DNA Repair
Transcription
More transcription (ish)
Translation
MISC
100

How are mistakes made during DNA replication fixed?

DNA polymerase can back up and fix the bases it wrongly added, otherwise a mismatch repair enzyme can fix it (MMR). A mistake is an improper base pair, recognized because the DNA helix has become distorted.

100

What is a promoter and how does it affect DNA transcription?

It is a region of DNA before the start of the gene that binds transcription factors (in eukaryotes) that recruit RNA polymerase (what makes the RNA from the DNA template)

100

What terminates transcription?

At the termination sequence, RNA dissociates from DNA template

(due to formation of a self-base pairing loop that pulls RNA polymerase “off its tracks” (in prokaryotes)

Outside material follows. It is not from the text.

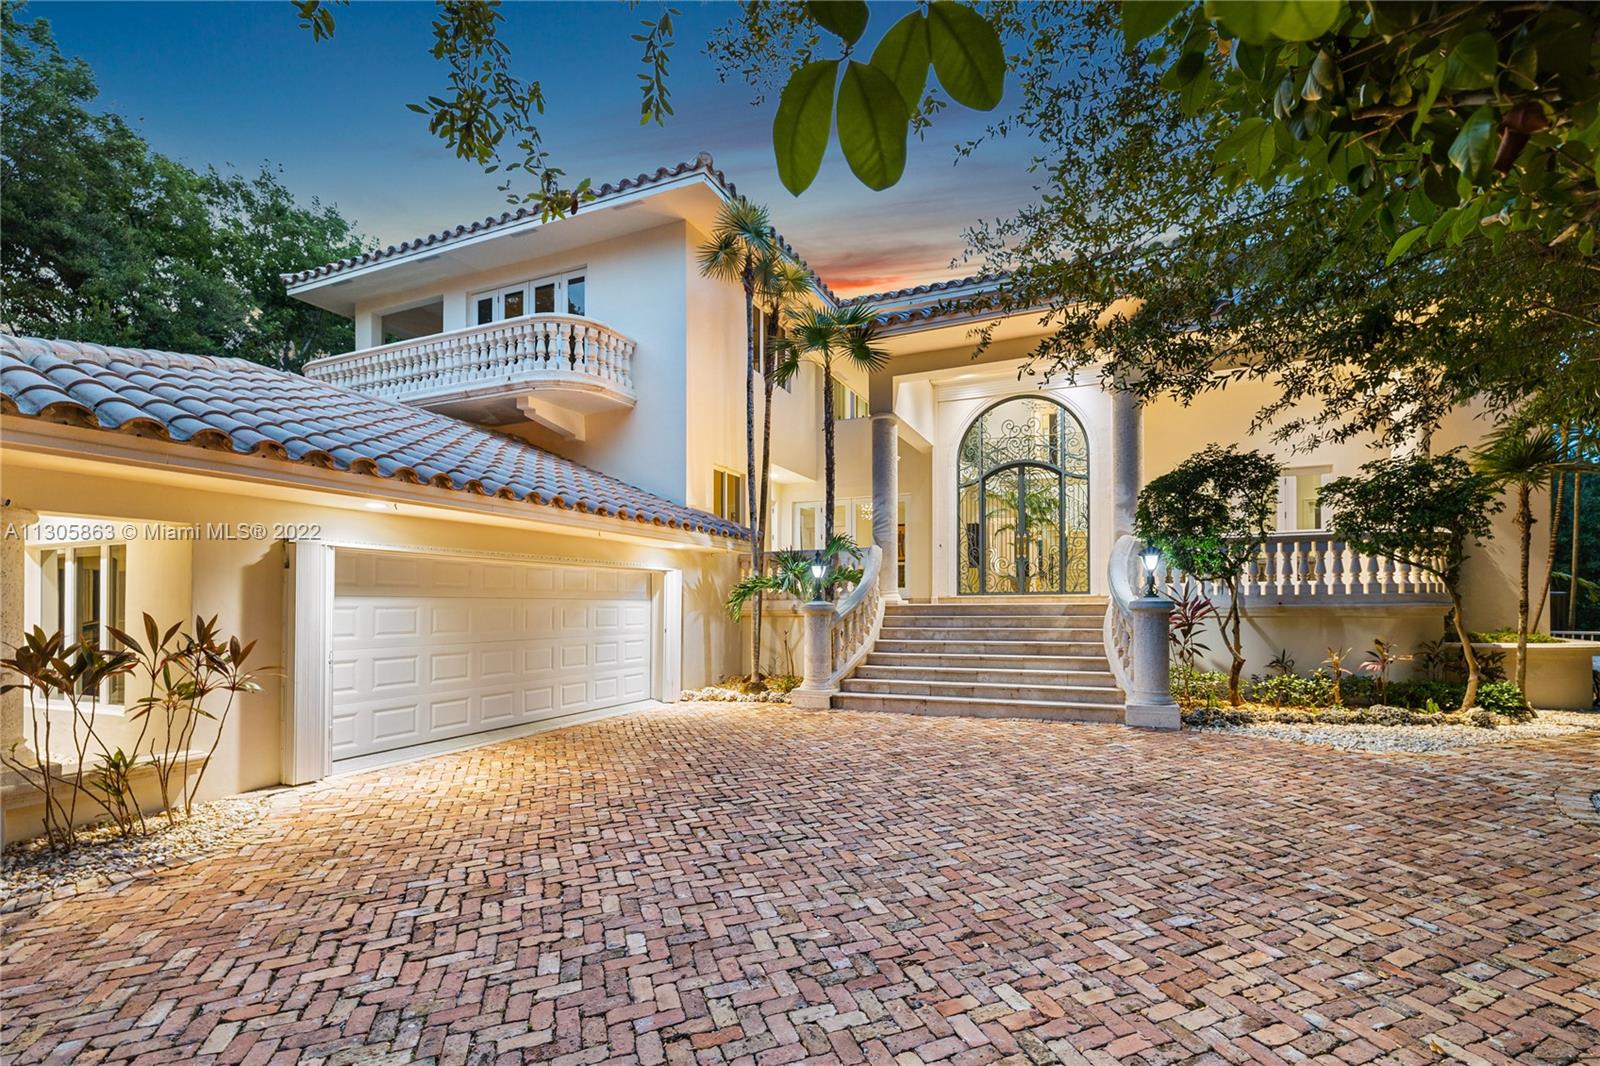 Stunning waterfront home in the exclusive gated community Islands of Cocoplum in Coral Gables. A double-height foyer greets you with a magnificent stairway. The large modern kitchen and dining room overlooks the beautiful pool area and an outside terrace with views to the dock & waterway. Located on a 14,018 SqFt lot at the end of a cul-de-sac, the home has 5 Bed 5/half bath a gorgeous office & 180ft of water frontage! Oversized master suite with spacious walk-in closet. High impact windows and French doors throughout the house. Two-car garage, generator and a pool facing the mangrove and a private 62 ft brand-new dock Basement has large bonus area for storage, play room, gym and wine cellar. Private, secured and exclusive community, offering tennis, beach volley, basketball courts, pool..

Stem loops forms a stable structure that slows the RNA polymerase down, stretch of weak AU bps makes it easy for mRNA to tear away)

100

What are the three types of RNAs used in translation and what role do they each play?

a. mRNA- product of transcription that specifies sequence of aa in the polypeptide

b. rRNA- major component or ribosomes (also the product of transcription)

c. tRNA- links aa to codons in the mRNA (also the product of transcription)

100

What is translation? What makes it happen and where does it happen?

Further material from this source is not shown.